**** Given information ****
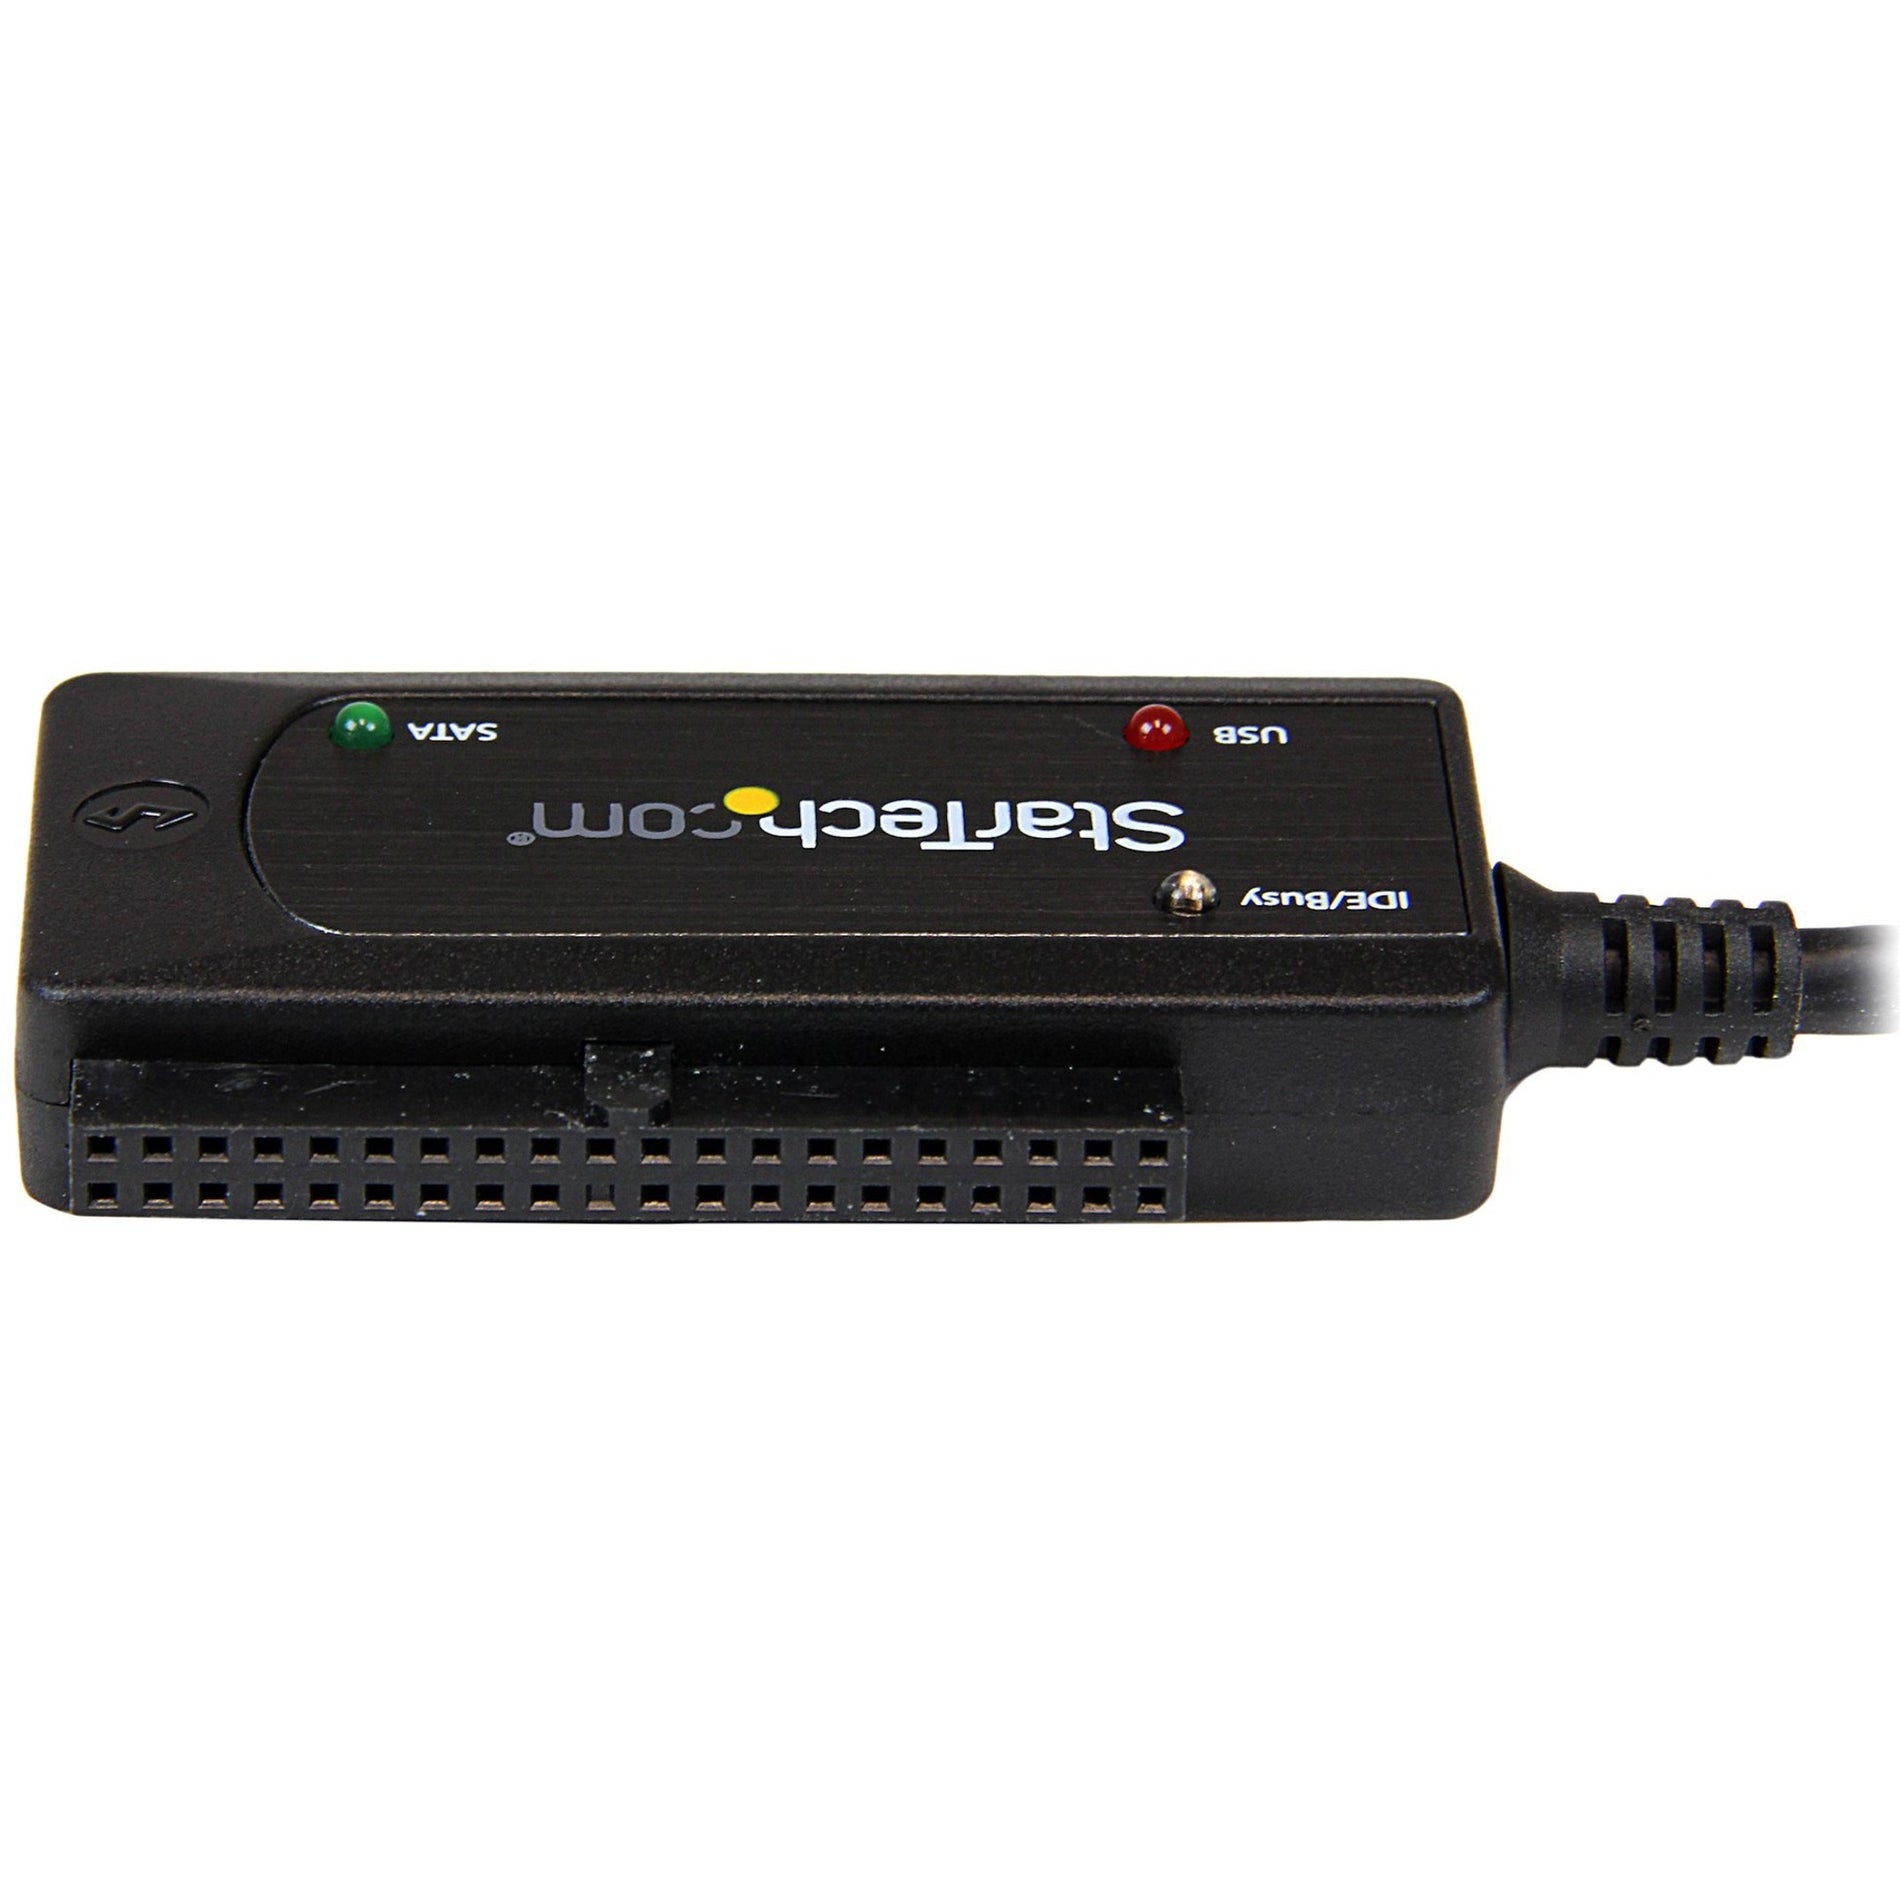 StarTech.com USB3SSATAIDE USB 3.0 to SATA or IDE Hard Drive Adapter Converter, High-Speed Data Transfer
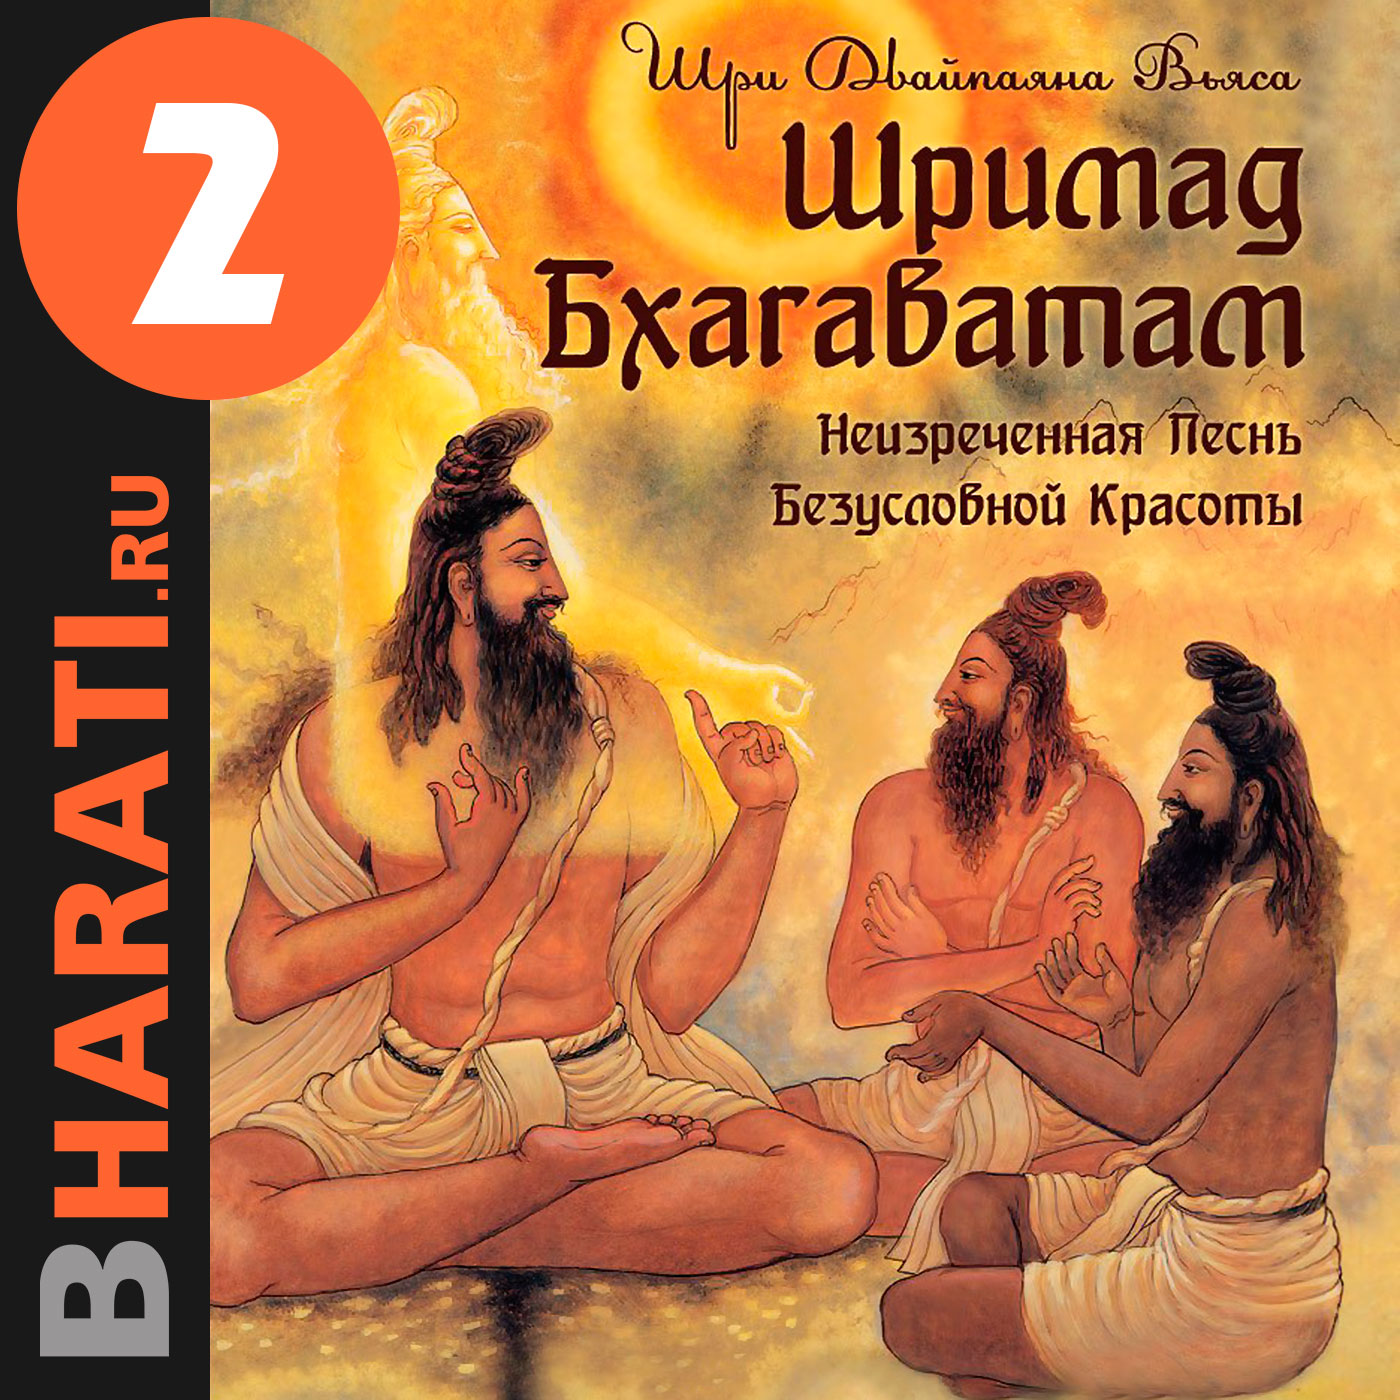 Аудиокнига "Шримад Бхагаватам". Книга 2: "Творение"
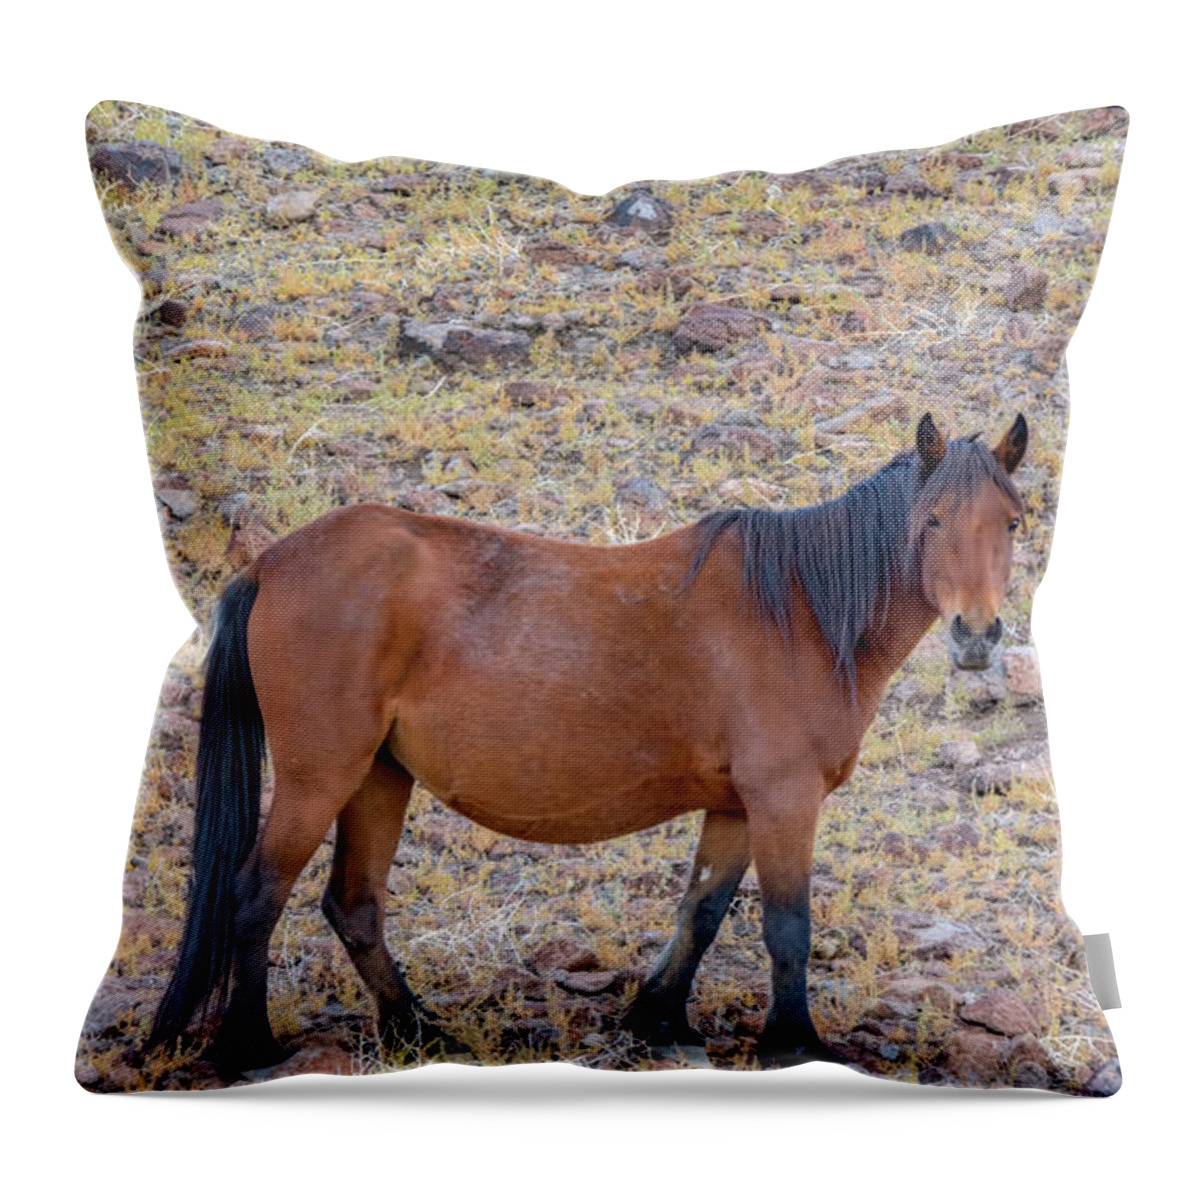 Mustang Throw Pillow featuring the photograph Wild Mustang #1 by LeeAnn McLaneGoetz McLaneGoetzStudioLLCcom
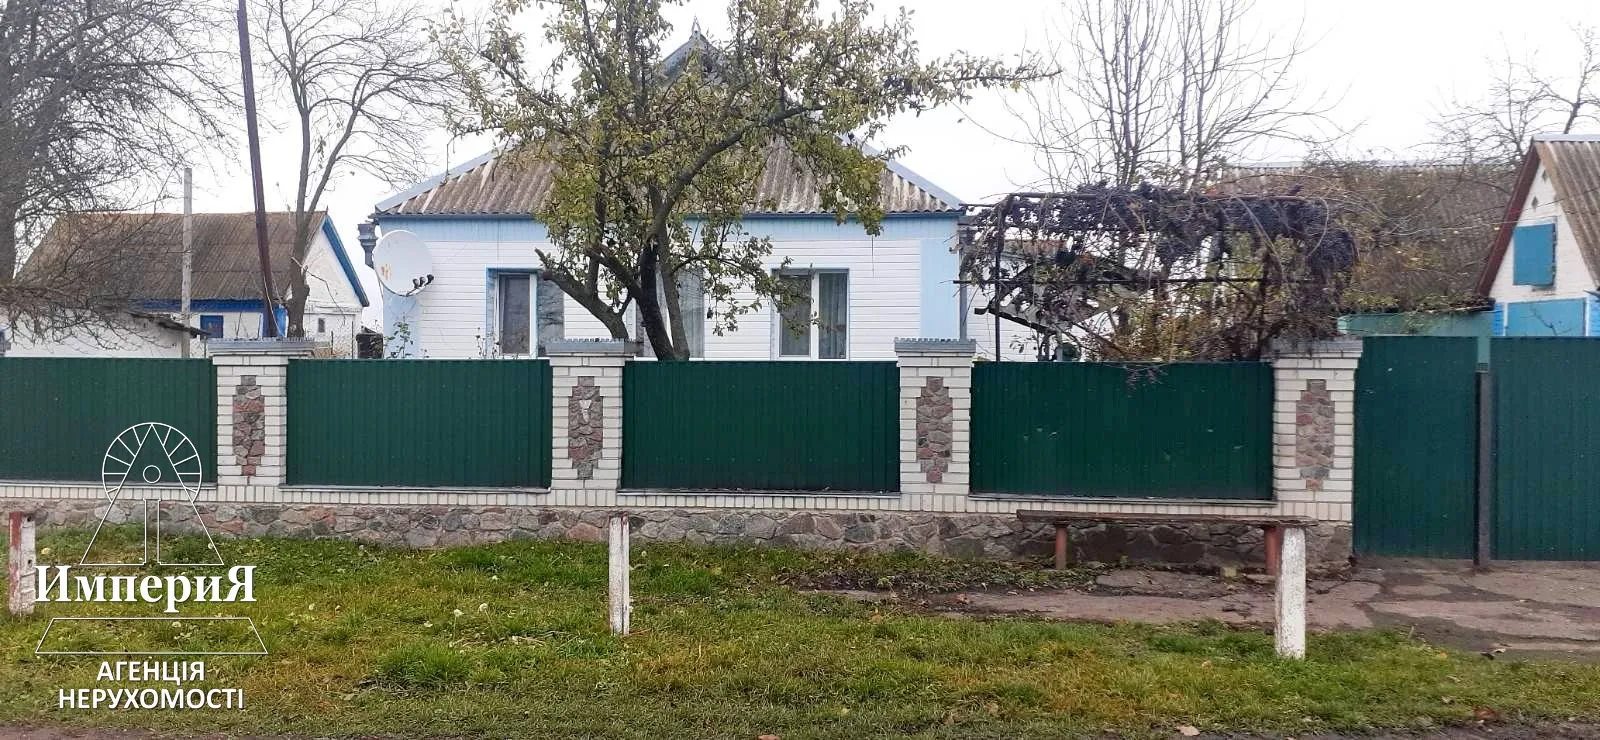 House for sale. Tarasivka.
****
**What to work on:**
Write out the material above precisely, leaving each picture behind.

**Answer to this problem:**
 StarTech.com USB3SSATAIDE USB 3.0 to SATA or IDE Hard Drive Adapter Converter, High-Speed Data Transfer
 Аудиокнига "Шримад Бхагаватам". Книга 2: "Творение"
 Mustang Throw Pillow featuring the photograph Wild Mustang #1 by LeeAnn McLaneGoetz McLaneGoetzStudioLLCcom
 House for sale. Tarasivka.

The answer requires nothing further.